On March 3, 2006, Garcia and the United States submitted to the district court a proposed plea agreement pursuant to Fed. R.Crim.P. 11(c)(1)(C). In this initial proposed plea agreement, Garcia would agree to plead guilty to Counts One and Thirty and the parties would agree to a sentence of 180 months’ imprisonment. On March 15, 2006, the parties filed a revised plea agreement in which Garcia agreed to plead guilty to Counts One and Twenty-Eight in exchange for the stipulated 180-month sentence. Garcia waived the right to appeal his sentence, and the government agreed to recommend a downward departure or file a Fed.R.Crim.P. 35 motion if Garcia provided substantial assistance. At the change-of-plea hearing, the government acknowledged that Count Thirty (the § 924(c) count) was not the most readily provable offense in the superseding indictment, and, for that reason, it substituted Count Twenty-Eight (one of the § 843(b) counts). Supp. ROA, Vol. 2 at 14. Garcia stated to the district court that he was “fully aware of all this.” Id. at 15. Garcia expressed some hesitancy about pleading guilty, but also stated “I’m scared to go to trial.” Id. at 18. Garcia’s counsel represented that he had explained to Garcia that, without a plea agreement, he could face a sentence exceeding fifteen years. The government estimated that Garcia’s advisory sentencing guideline range would be 188-235 months. Id. at 30. The district court accepted the plea agreement and Garcia pled guilty to Counts One and Twenty-Eight.

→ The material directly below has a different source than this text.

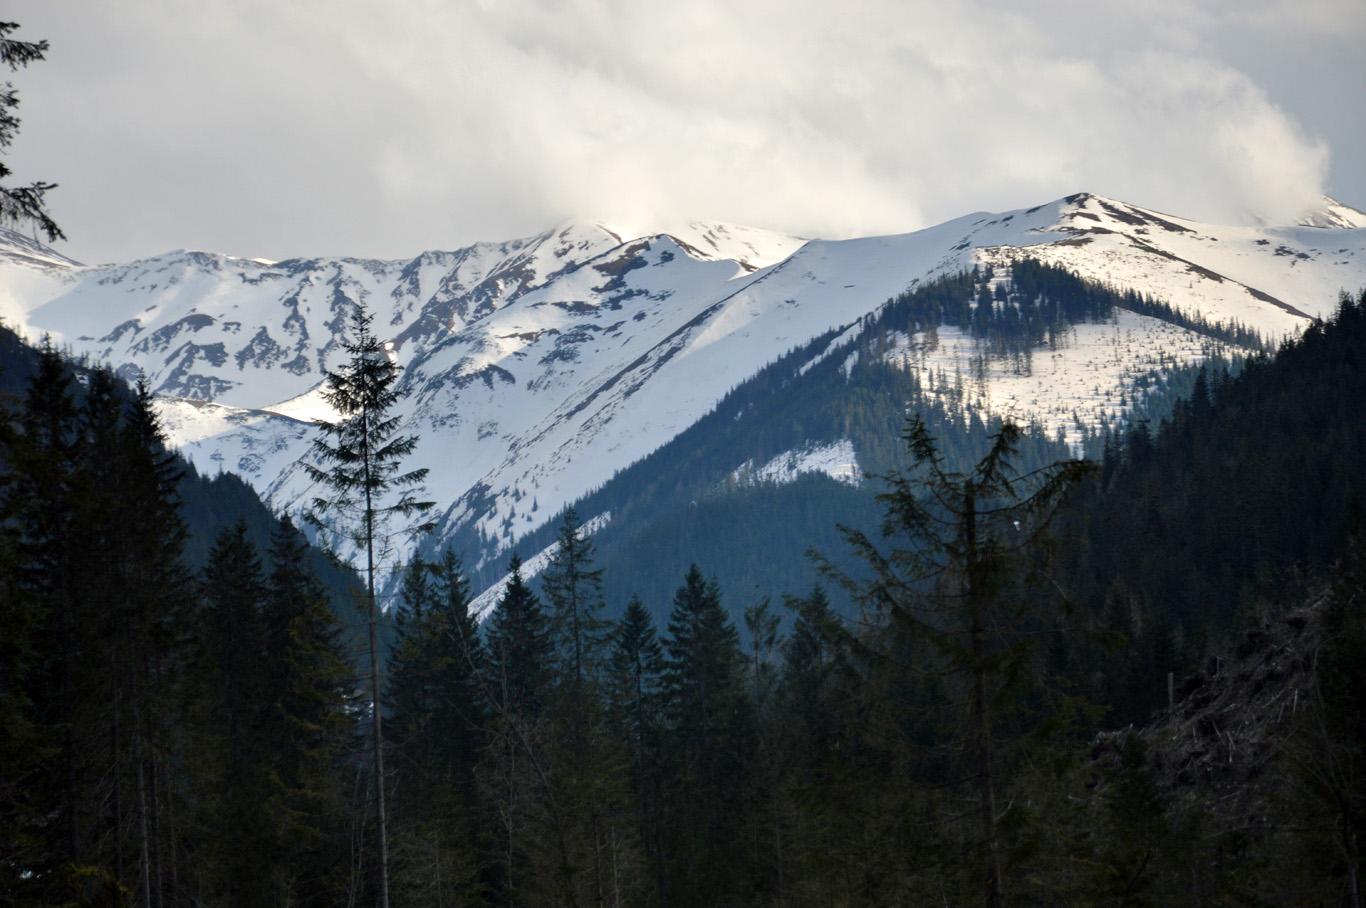 Snowy peaks around
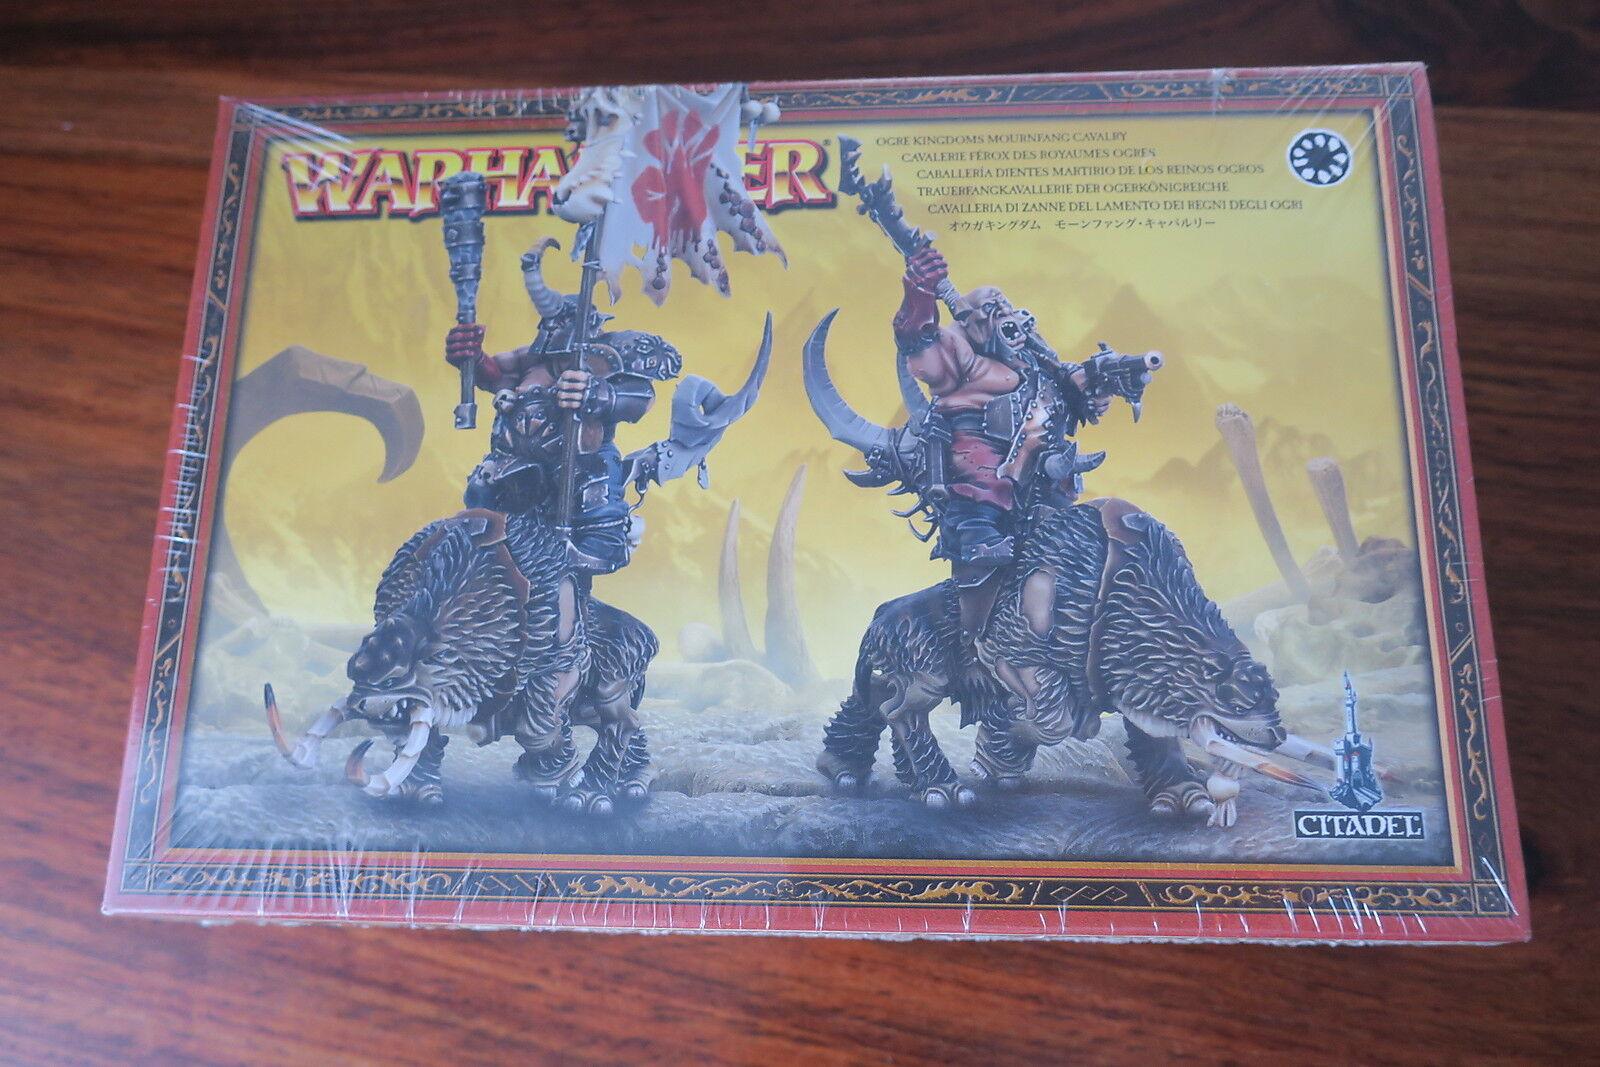 Warhammer Caballería Ferox de las Reinos Ogro   Ogro Kingdoms Mournfang Cavalry

At sentencing, the district court found that Garcia’s sentencing guideline range was 210-262 months on Count One and forty-eight months on Count Twenty-Eight. 1 Supp. ROA, Vol. 3 at 4. This was higher than the government’s estimate at the change-of-plea hearing because Garcia’s criminal history score was higher than the government had initially predicted. The district court sentenced Garcia to 180 months’ imprisonment, pursuant to the plea agreement and Fed.R.Crim.P. 11(c)(1)(C). The district court also strongly encouraged Garcia to provide assistance to the government, so that he might reduce his sentence. Counsel indicated that Garcia had offered to speak with the government, “[h]owever, at that time [the Assistant United States Attorney] was interested in not so much drug information or ‘controlled substance’ information as he was with firearm-type information; and aside from what the government knew already, Mr. Garcia could not offer help at that point in time.” Id. at 7. The district court acknowledged that there were “pros and cons” to cooperating because “you’re dealing with some dangerous people,” and that “maybe there’s nothing you can say or do to help the government; but if there is, I hope you think about it long and hard.” Id. at 11. The government did not file a Fed.R.Crim.P. 35 motion after sentencing.

II

A petitioner must obtain a COA in order to appeal a district court’s denial of a *60 habeas petition. 28 U.S.C. § 2253. A COA may be issued only upon a “substantial showing of the denial of a constitutional right.” 28 U.S.C. § 2253(c)(2). Where a district court has rejected a petitioner’s constitutional claim on the merits, the petitioner “must demonstrate that reasonable jurists would find the district court’s assessment of the constitutional claims debatable or wrong.” Slack v. McDaniel, 529 U.S. 473, 484, 120 S.Ct. 1595, 146 L.Ed.2d 542 (2000).

Ill

Garcia argues his counsel was ineffective for failing to: obtain a more favorable plea agreement; argue for a lower sentence; understand the sentencing guidelines; understand the drug statutes; and argue more strongly for the government to file a Fed.R.Crim.P. 35 motion based on substantial assistance. In order to establish ineffective assistance of counsel, a petitioner must show both deficient performance and prejudice. Strickland v. Washington, 466 U.S. 668, 691, 104 S.Ct. 2052, 80 L.Ed.2d 674 (1984). To show deficient performance, a petitioner must demonstrate that counsel’s performance “fell below an objective standard of reasonableness.” Moore v. Reynolds, 153 F.3d 1086, 1096 (10th Cir.1998).